Shared /nix/store and the assertion classes it forbids (WONTFIX)

Every node in a nixosTest mounts the host’s /nix/store read-only via 9p. This means store-path existence checks (test -e /nix/store/...) are tautologically true on every node regardless of which node’s closure references the path. A nix copy between nodes appears to succeed even when it transferred zero bytes, because the receiver could already see the path via 9p.

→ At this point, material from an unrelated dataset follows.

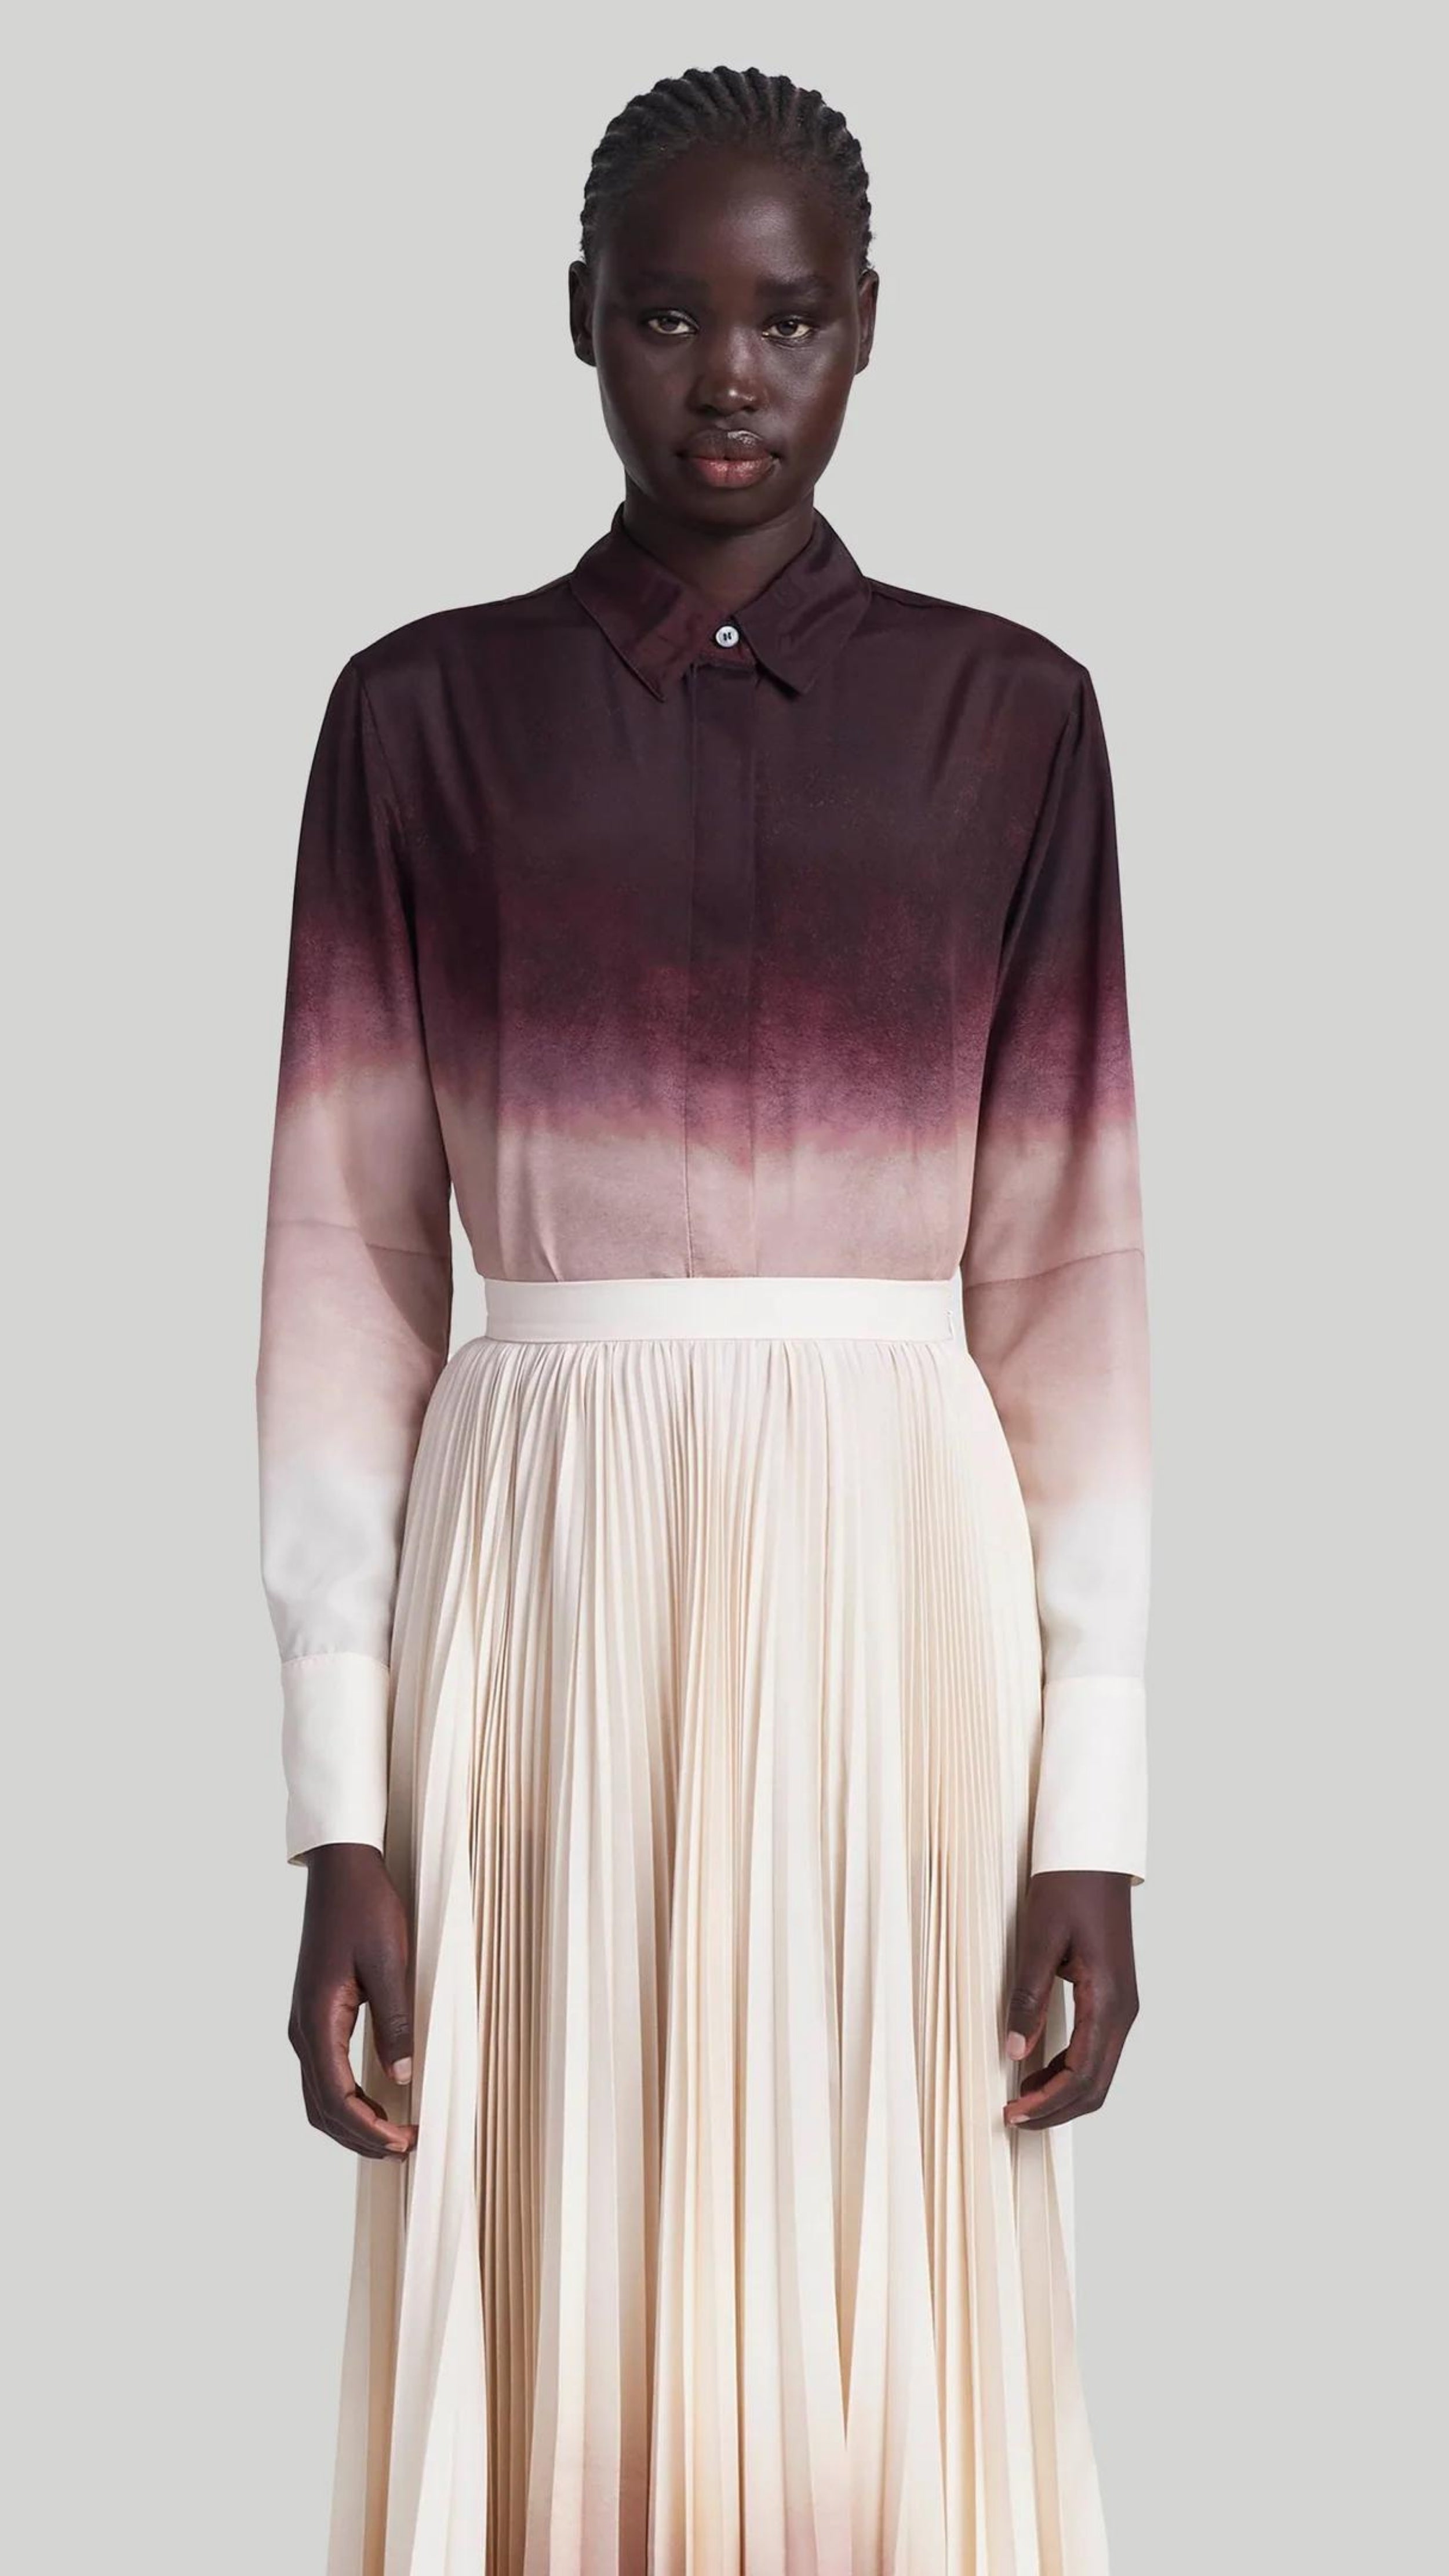 Altuzarra The Chika Top is crafted from Italian silk in an elegant cranberry to ivory dip dye ombre. The classic style button down shirt features a small point collar, concealed button front closure, and long cuffed sleeves. Shown on model facing front.

The suite uses two workaround patterns instead of the heavy-weight per-VM store-image approach:

NeedWorkaroundWhy it works
Prove a command ran on a specific nodeVM-local marker file under /tmp/tmp is per-VM, never shared via 9p
Prove a path is registered in a node’s Nix DBnix-store -q --references <path> on the targetThe Nix DB (/nix/var/nix/db) is per-VM, only the store files are shared

Concrete examples in the suite:

  • vm-fleet-deploy-ssh uses nix-store -q --references to prove nix-copy-closure --to actually registered the stub closure in the target’s Nix DB. The 9p-mounted store would make a test -e check invariant.
  • vm-fleet-rollback-ssh uses the same pattern for the per-generation rollback assertion.
  • vm-fleet-apply-failure uses /tmp/stub-switch-called (a regular filesystem path, VM-local) as the load-bearing proof that switch-to-configuration switch was invoked.

Why not per-VM store images

The alternative - virtualisation.useNixStoreImage = true; virtualisation.mountHostNixStore = false; - was considered and rejected: every node would rebuild its own store image, multiplying VM build cost for an assertion class that the workarounds already cover. No scenario in the current suite needs per-VM store isolation.

If a future scenario genuinely requires it (e.g. asserting on byte-level transfer through nix copy rather than DB registration), revisit this decision in a follow-up. Do not adopt per-VM store images preemptively

  • they cost real wall-clock minutes per CI run.